On February 20, 2013, the Court dismissed the action for two reasons. First, Plaintiff failed to prepay the civil filing fees required by 28 U.S.C. § 1914(a) and did not seek leave to proceed in forma pauperis ("IFP") pursuant to 28 U.S.C. § 1915(a). See Feb. 20, 2013 Order [ECF Doc. No. 2] at 2, 3. Second, "while the Court would normally grant Plaintiff an opportunity to either submit the full filing fee or file a Motion to Proceed IFP, an initial review of the Complaint further reveal[ed] that [Plaintiff's] case lacks proper venue." Id. at 2. Specifically, the Court found that:

[w]hile Plaintiff is currently incarcerated at CSP-COR, [...] he fails to allege a county of residence for any Defendant, [...] claims the substantial part of the events or omissions giving rise to his claims occurred while he was incarcerated at SATF in Corcoran, California, and the exhibits attached to his Complaint indicate Defendants Dias, Ogbuehy and Byers are CDCR officials employed at SATF.[1] ( See Compl. at 2; Exs. [ECF No. 1-1] at 13, 14, 16, 23.) The City of Corcoran is located in Kings County, California. Therefore, venue is proper in the Eastern District of California, pursuant to 28 U.S.C. § 84(b), but not in the Southern District of California, pursuant to 28 U.S.C. § 84(d) ("The Southern District [of California] comprises the counties of Imperial and San Diego."). See 28 U.S.C. § 1391(b); Costlow, 790 F.2d at 1488.

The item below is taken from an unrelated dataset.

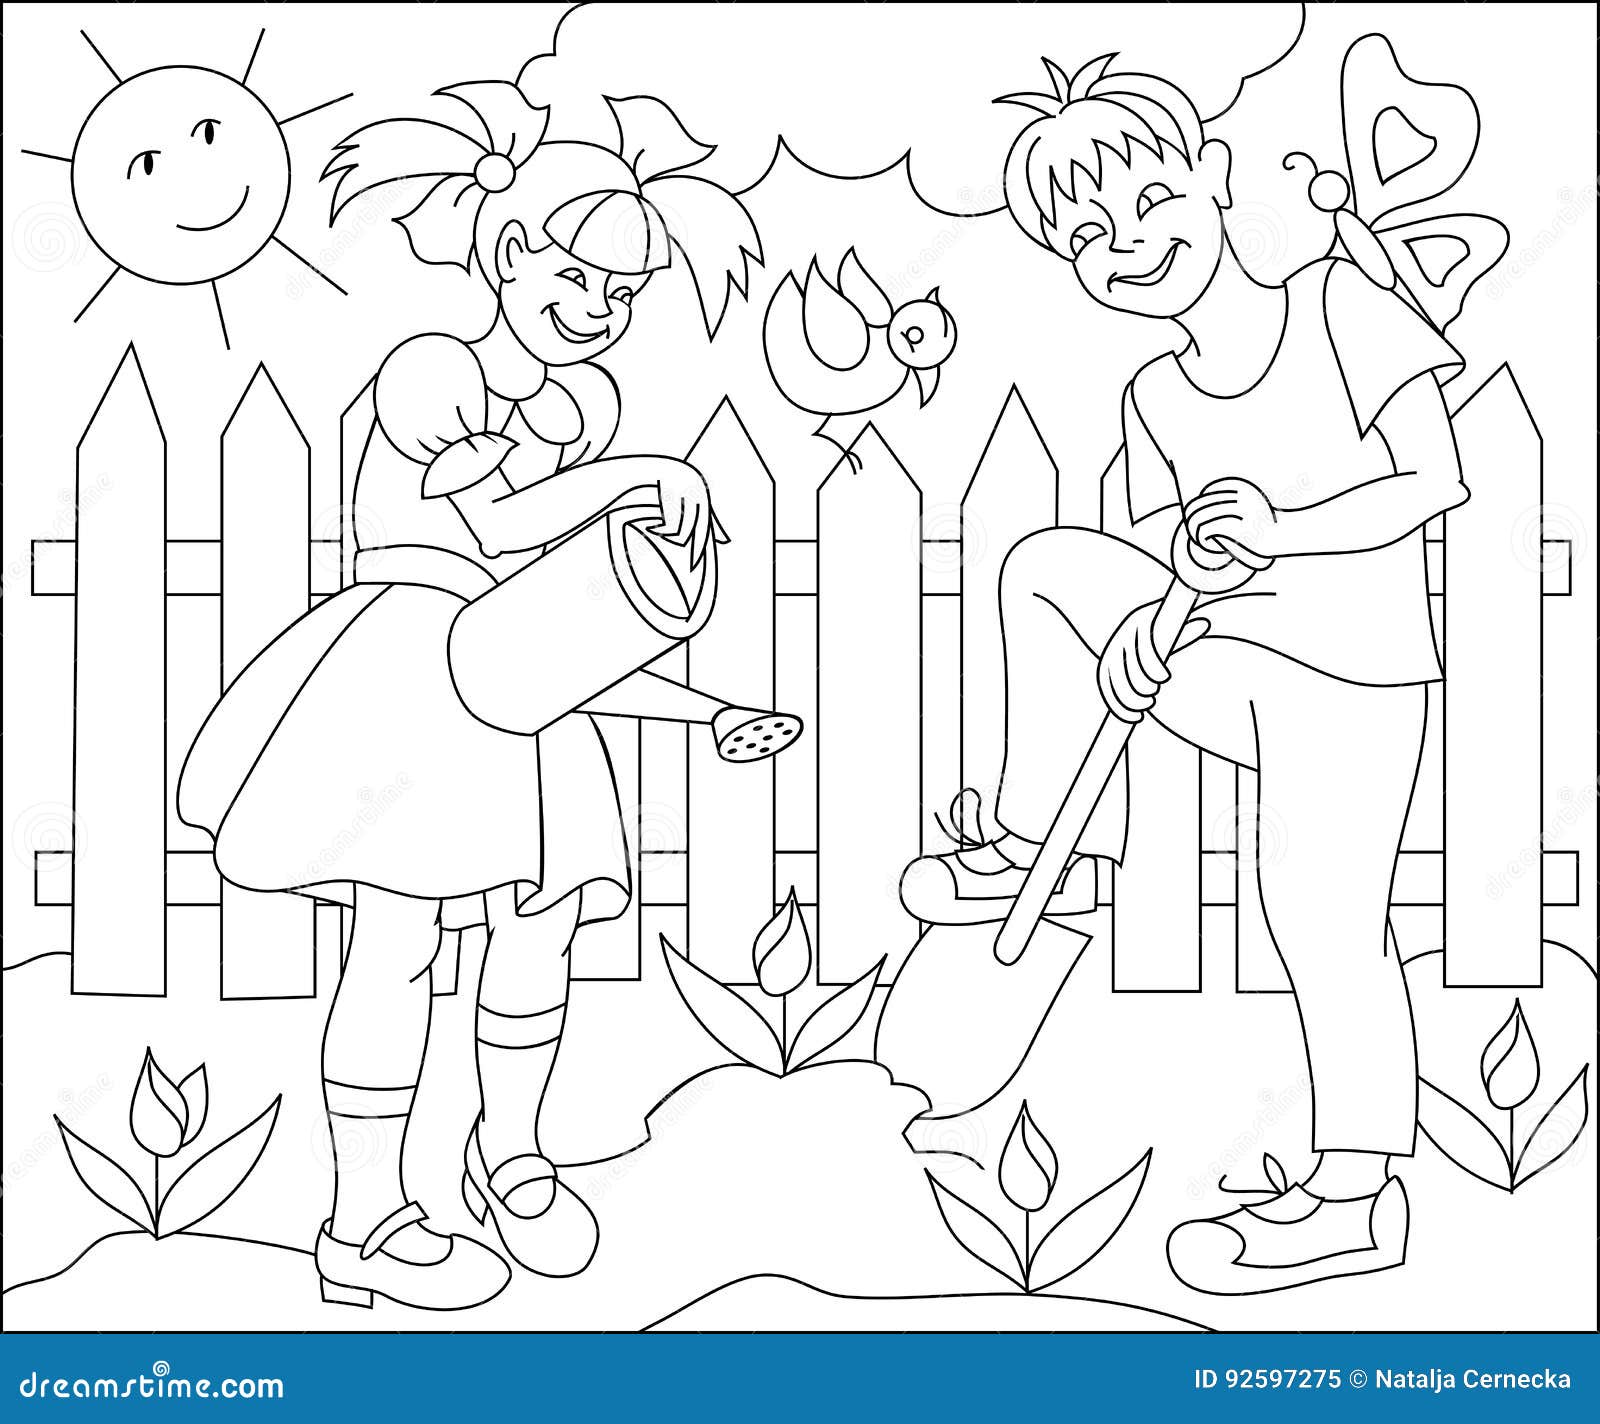 Pagina Con Il Disegno In Bianco E Nero Per Colorare Illustrazione Dei Bambini Che Lavorano In Primavera Giardino Illustrazione Vettoriale Illustrazione Di Fantasia Profilo

Therefore, the Court dismissed the action sua sponte but without prejudice to Plaintiff's re-filing it in the proper district. Id. at 2-3 (citing 28 U.S.C. § 1914(a); 28 U.S.C. § 1406(a)).

However, on June 3, 2013, Plaintiff re-opened the case in this Court by filing a Motion to Proceed IFP [ECF Doc. No. 5], while providing no explanation as to why venue might lie in the Southern District of California.[2] Therefore, on June 26, 2013, the Court denied Plaintiff's Motion to Proceed IFP as moot, noted his case remained dismissed for lack of proper venue pursuant to 28 U.S.C. § 1406(a), and again directed him, should he wish to pursue the claims as alleged in his Complaint, to file a civil action on the Eastern District of California, "as that district appears to be the only proper venue." See June 26, 2013 Order (ECF Doc. No. 6) at 2-3.

Plaintiff has since filed a "Motion to Vacate the Judgment" in which he claims an "error of fact existed before the judgment was rendered." (ECF Doc. No. 11 at 1.) Plaintiff asks the Court to reconsider its June 26, 2013 Order and construe his pleadings liberally pursuant to FED.R.CIV.P. 59 and 60(b). He argues reconsideration is appropriate because "there are genuine issues of material fact" as to "whether the district court applied the relevant substantive law." ( Id. at 7, 12.)


The Federal Rules of Civil Procedure do not expressly provide for motions for reconsideration. However, the Court may reconsider matters previously decided under Rule 59(e) or Rule 60(b). See Osterneck v. Ernst & Whinney, 489 U.S. 169, 174 (1989); In re Arrowhead Estates Development Co., 42 F.3d 1306, 1311 (9th Cir. 1994). In Osterneck, the Supreme Court stated that a ruling may be re-considered under Rule 59(e) motion where it involves "matters properly encompassed in a [previous] decision on the merits.'" 489 U.S. at 174 (quoting White v. New Hampshire Dep't of Employ't Sec., 455 U.S. 445, 451 (1982)). Reconsideration is generally appropriate only if the district court "(1) is presented with newly discovered evidence, (2) committed clear error or the initial decision was manifestly unjust, or (3) if there is an intervening change in controlling law." School Dist. No. 1J v. ACandS, Inc., 5 F.3d 1255, 1263 (9th Cir. 1993) (citations omitted).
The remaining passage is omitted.